Saturday, 30 October 2010

The food of love

The title is a bit melodramatic and the drawings are not the most refined. But I was once again stricken by this slideshow.

http://www.thefoodoflove.org/breastfeed-in-your-sleep.htm

It shows perfectly the difference between the first year with my first daughter and the first year with my second daughter.

I remember waking up every night at least once but usually two, three or even four times. I would breastfeed my baby sitting up in a chair or in my bed, desperately trying not to fall asleep and praying that my little girl would not wake up when I would carefully and sloooowly put her in her crib.
I would then tiptoe to bed for an hour of sleep before the whole circus would start again.
IF I managed to stay awake, that is. Most of the time I would just wake up cramped and cold sitting up with my sleeping daughter on my lap.
It is a miracle that she never fell of!

I think most parents can agree that nights like this will make you cranky if your lucky and plain miserable if your more like me. It sucked, it took all the fun out of being a mother and it made me doubt my parentingskills since *this* couldn't possibly be how it was supposed to be!
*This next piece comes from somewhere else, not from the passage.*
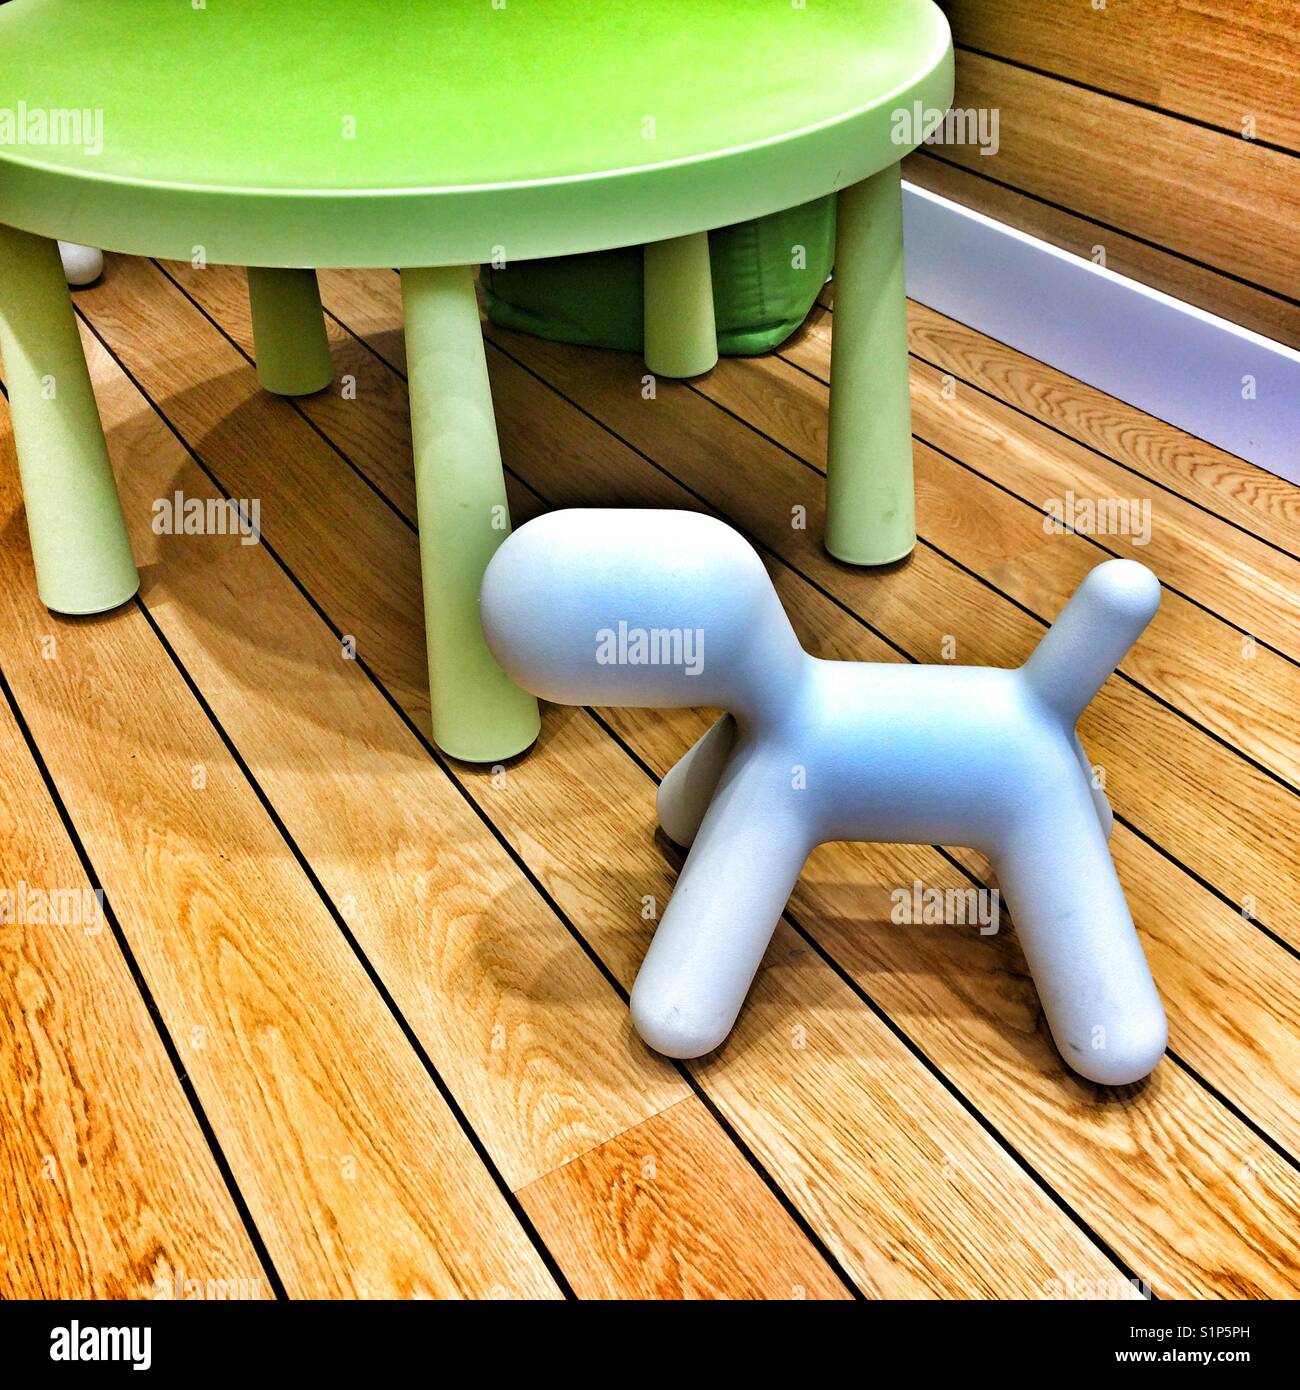 Toy dog and table on wooden floor Stock Photo

Her and my sleepingproblems were resolved when we, out of sheer desperation, stopped trying to get her to sleep in her own bed.


Seeing this we tried a different approach with our second daughter. No more separate bedroom, not even a crib! We took a hensvik crib form Ikea, removed the front panel and tied it to my side of the bed.
And you know what? We slept like babies (no pun intended)! I would breastfeed little Avalon to sleep and if I didn't fall asleep myself I would gently slide her a few inches to my right, into her own part of our bed. If she would wake in the night (IF she would wake at all, my direct presence was often enough of a reassurance to keep her asleep) I would simply pull her closer to me without completely waking up and in less than a minute we would both be fast asleep again.

It is unbelievable how much of a difference this made. Even though she was a *very* fussy baby that cried a lot during the day the solid nights of sleep made it all so much better to handle.

My heart aches if I hear fresh parents complain about sleepless nights and or fussy babies. Sure, cosleeping isn't always the answer and every parent should do what he or she thinks is best.
But boy, it can make such a difference!

If you want to read more about cosleeping, its advantages, some safety guidelines and other interesting stuff then I suggest you pay a visit to dr. Sears's website.

1 comment:

  1. Uit ervaring, of door schade en schande wijs geworden, kan ik zeggen dat dit klopt.
    Nu gebeurde het bij mij meestal dat ik met kind aan de borst(ik voedde toch in bed)in slaap viel, en uren later met slapend of nog steeds sabbelend babietje naast me wakker werd en het dan te veel moeite vond om kleintje in eigen bedje te leggen.